Beyond the springs, a crevasse zigzagged between the largest boulders—a ten-foot-wide wound in the earth, leaving no doubt as to the presence of the cavern system below. At the lip of the chasm, a coil of rope was tied to an iron piton.

Meg staggered toward me. “Hurry,” she gasped. “Jump in.”

Behind her, the yales were slowly ripping through their grassy bonds.

“We have to drink,” I told her. “Mnemosyne, the Spring of Memory, is black. Lethe, the Spring of Forgetfulness, is white. If we drink both at the same time, they should counteract each other and prepare our minds—”

“Don’t care.” Meg’s face was now as white as the waters of Lethe. “You go.”

“But you have to come with me! The Oracle said so! Besides, you won’t be in any shape to defend yourself.”

“Fine,” she groaned. “Drink!”

I cupped one hand in the water of Mnemosyne, the other hand in the water of Lethe. I gulped them down simultaneously. They had no taste—just intense, numbing cold, the sort that hurts so badly you don’t feel the pain until much later.

My brain began to swivel and corkscrew like a yale horn. My feet felt like helium balloons. Meg struggled with the rope, trying to wrap it around my waist. For some reason, I found this hysterical.

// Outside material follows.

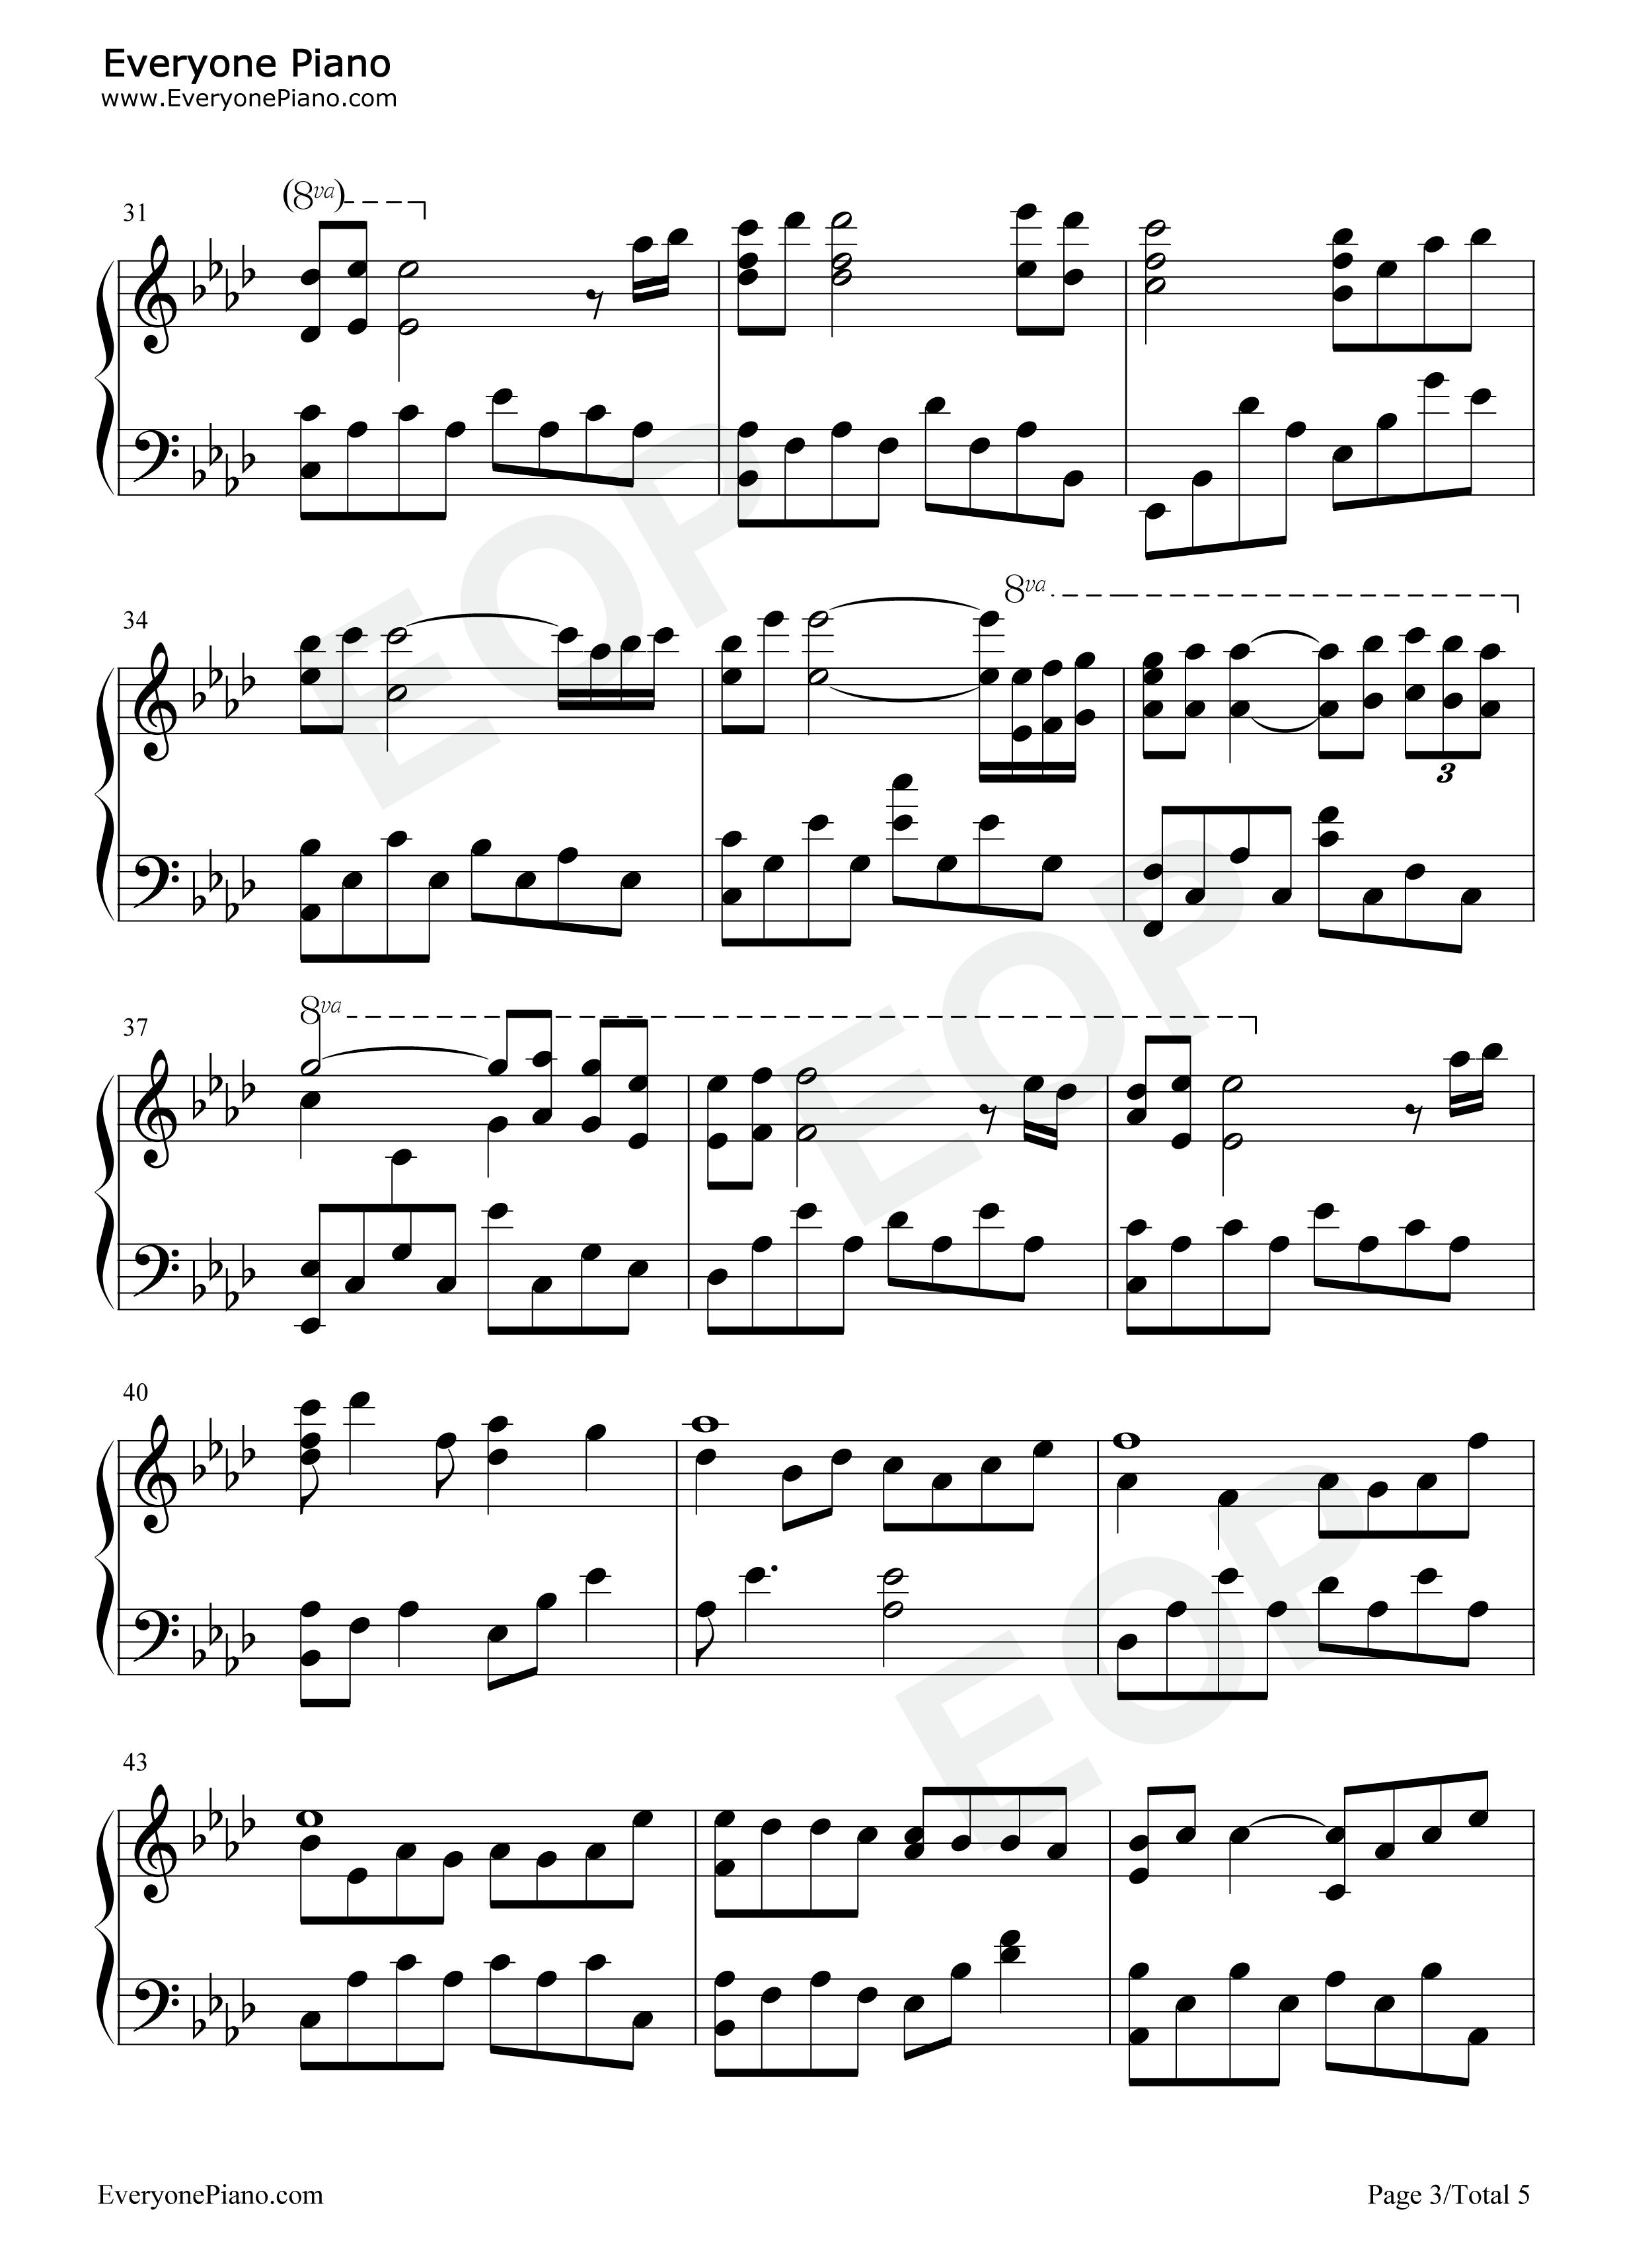 网站首页 钢琴曲谱 轻音乐 kiss the rain原版-雨的印记-李闰珉 >>
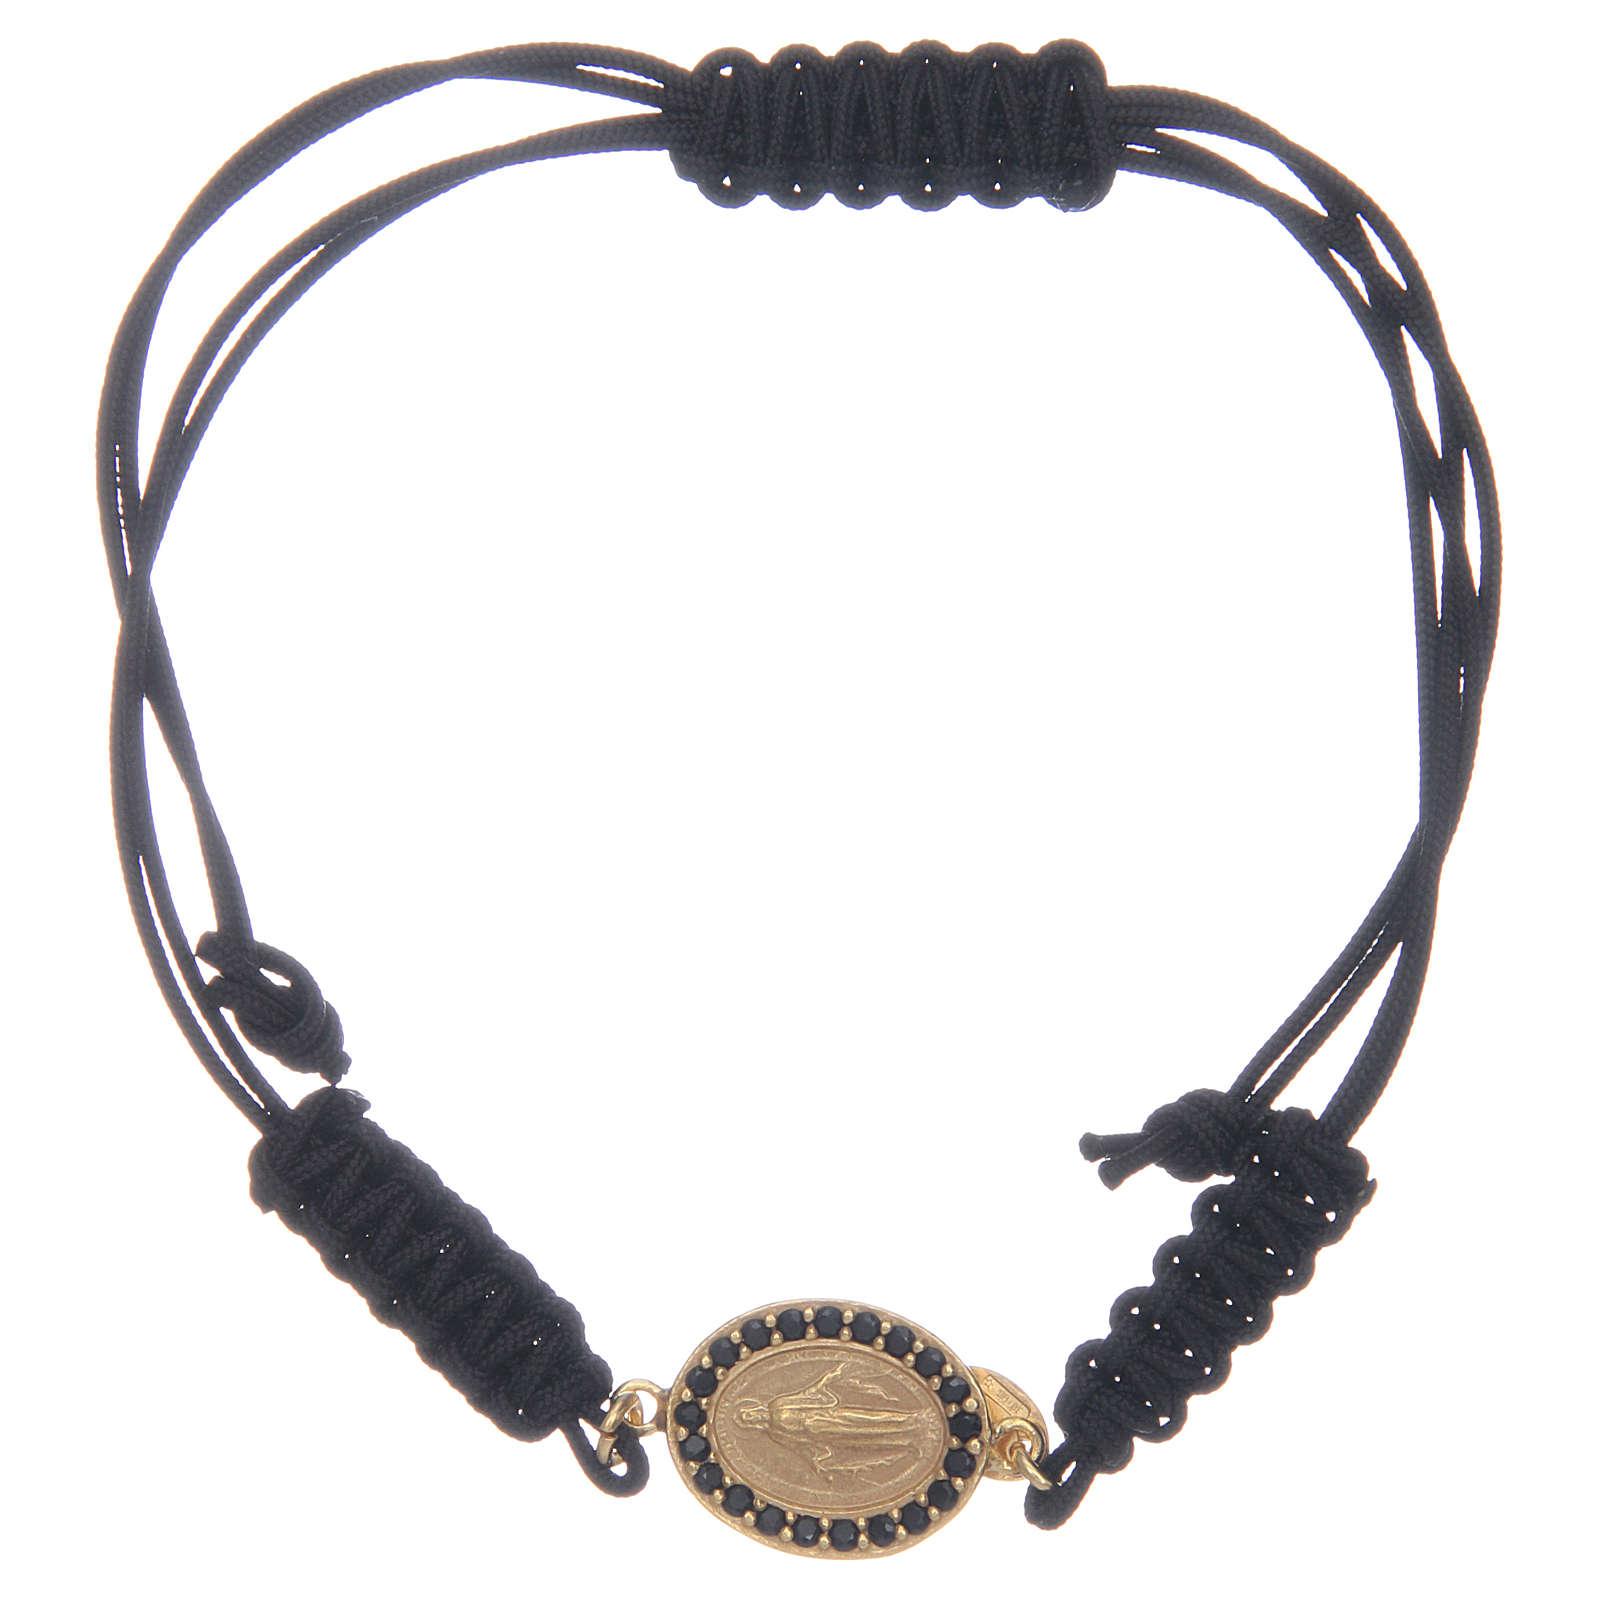 Bransoleta linka srebro 925 Cudowny Medalik pozłacany cyrkonie czarne 4

“Your turn,” I giggled. “Drinkie, drinkie!”

Meg scowled. “And lose my wits? Nuh-uh.”

“Silly willy! If you don’t prepare yourself for the Oracle—”

In the meadow, the yales ripped themselves free, peeling off several square yards of turf from the ground.

“No time!” Meg lunged forward, tackling me around the waist. Like the good friend she was, she sent me tumbling over the ledge and into the black void below.